Hog Outlook: Pork Quality Assurance training is available for producers, youth and truckers.

Kevin Schulz

January 17, 2023

3 Min Read
Pork Quality Assurance sign
QUALITY CERTIFIED: Every American pig farmer and pig caregiver should be Pork Quality Assurance Plus certified, signifying they have been trained in proper animal care. Pig production sites can also receive certification. Courtesy of National Pork Board

You don’t need me to tell you how the U.S. and global hog industry has changed. From the type of hog being raised to the methods in which hogs are produced, pig farmers have seen a plethora of changes. For the most part, these changes have improved the health and welfare of the animals under our care.

American pig farmers have always produced a quality product for consumers, and that quality continues to progress. Along with the improvement in quality, producers have upped their game in the care of animals, striving to improve their practices.

As in a roller chain, the entirety is only as strong as the weakest link, as is the same with every hog farm and the entire U.S. pork industry. U.S. pork quality, both of product and level of care, depends on every caregiver, producer and entire production system all to operate with the same goal.

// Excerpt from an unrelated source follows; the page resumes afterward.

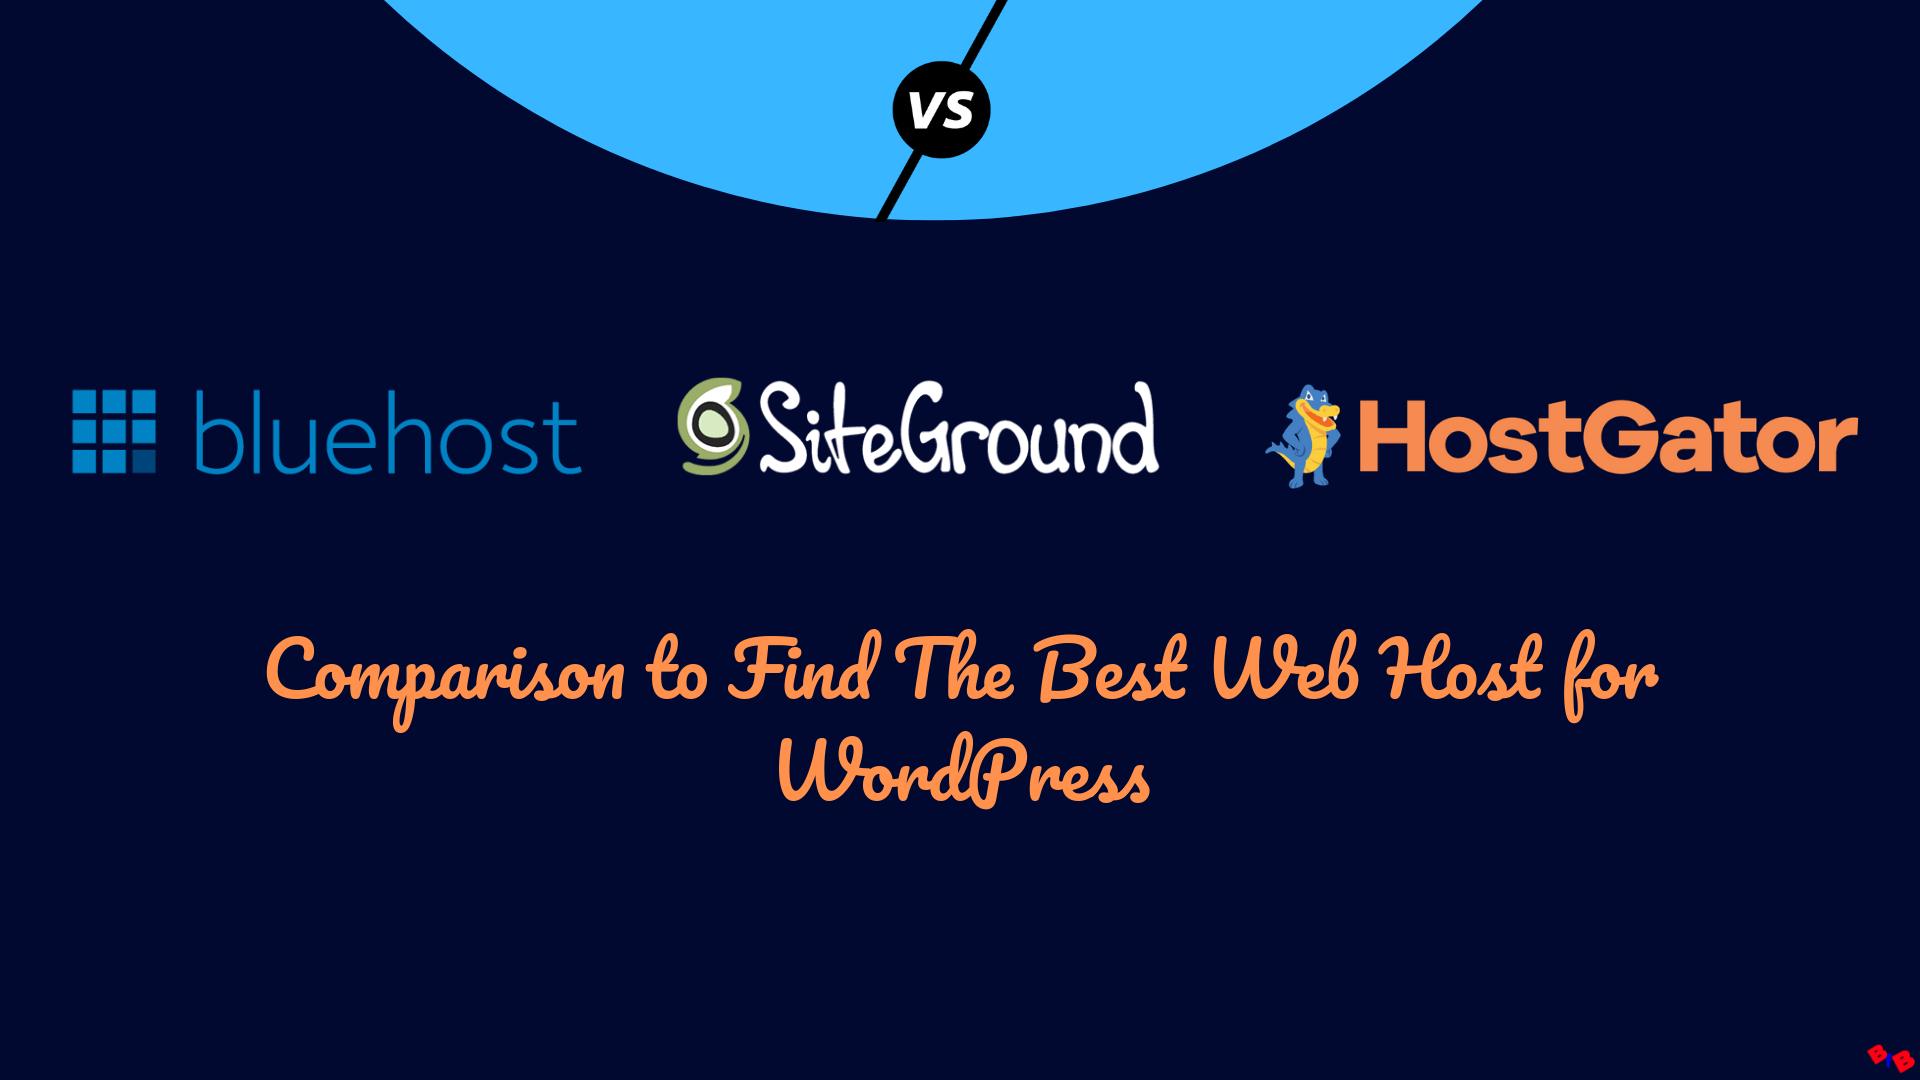 Siteground-vs-Hostgator-vs-Bluehost-comparison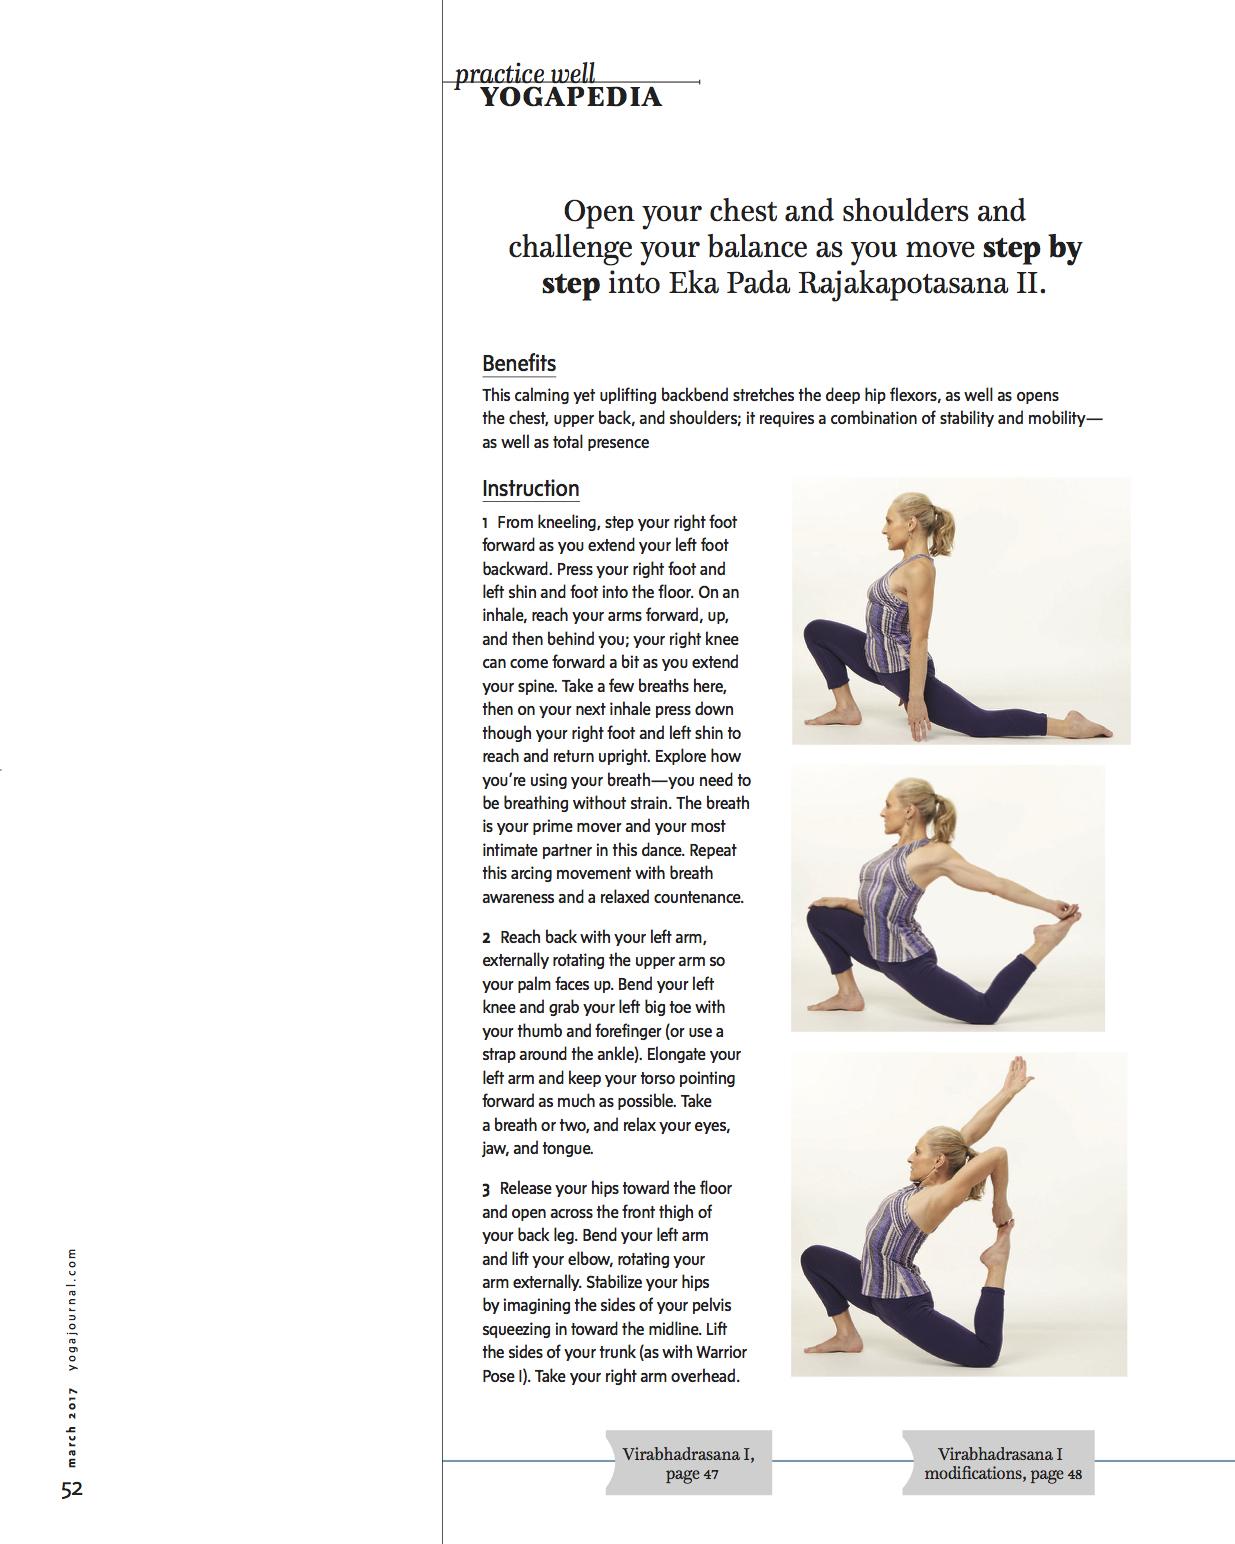 March Yogapedia page 5.jpg

Providing farmers with information

It can be tough keeping up with the latest and best hog production practices. Still, even the most seasoned pig farmers can always improve their way of operating, and the National Pork Board’s Pork Quality Assurance program helps.

There have been various iterations of the program since its inception in 1989, but the framework has remained steadfast — providing a framework for significant, relevant food safety standards and improved animal well-being.

By now, every hog producer in America should be PQA-certified, and certification is good for three years. We are now up to PQA Plus, as the program has grown, and producers have options to receive training.

According to the Pork Checkoff website, producers have various options to receive training, either through face-to-face opportunities or access to an online course and exam.

A lot of state pork organizations sponsor PQA Plus training sessions, often as a part of their annual meeting or Pork Congress events.

More PQA options for producers

In addition to individual caregiver certification, PQA Plus also allows for a PQA Plus site assessment, which is “designed to evaluate animal care practices on farms and is conducted by a PQA Plus adviser.” This certification goes beyond what an individual knows, expanding to if that knowledge is being put into practice. The assessment will review records, facilities, equipment, animal care and well-being practices.

As we all know, farm families expose their children to the barns, and it is never too early to teach them the right way of working with animals. With that in mind, young caregivers are encouraged to participate in the Youth for the Quality Care of Animals program, which is a national multispecies quality assurance program for youth ages 8 to 21. This program focuses on food safety, animal well-being and character development.

Pork production doesn’t stop at the farm gate. While pig farmers properly care for their animals on-site, that care is turned over to others once those hogs are loaded onto a truck or trailer.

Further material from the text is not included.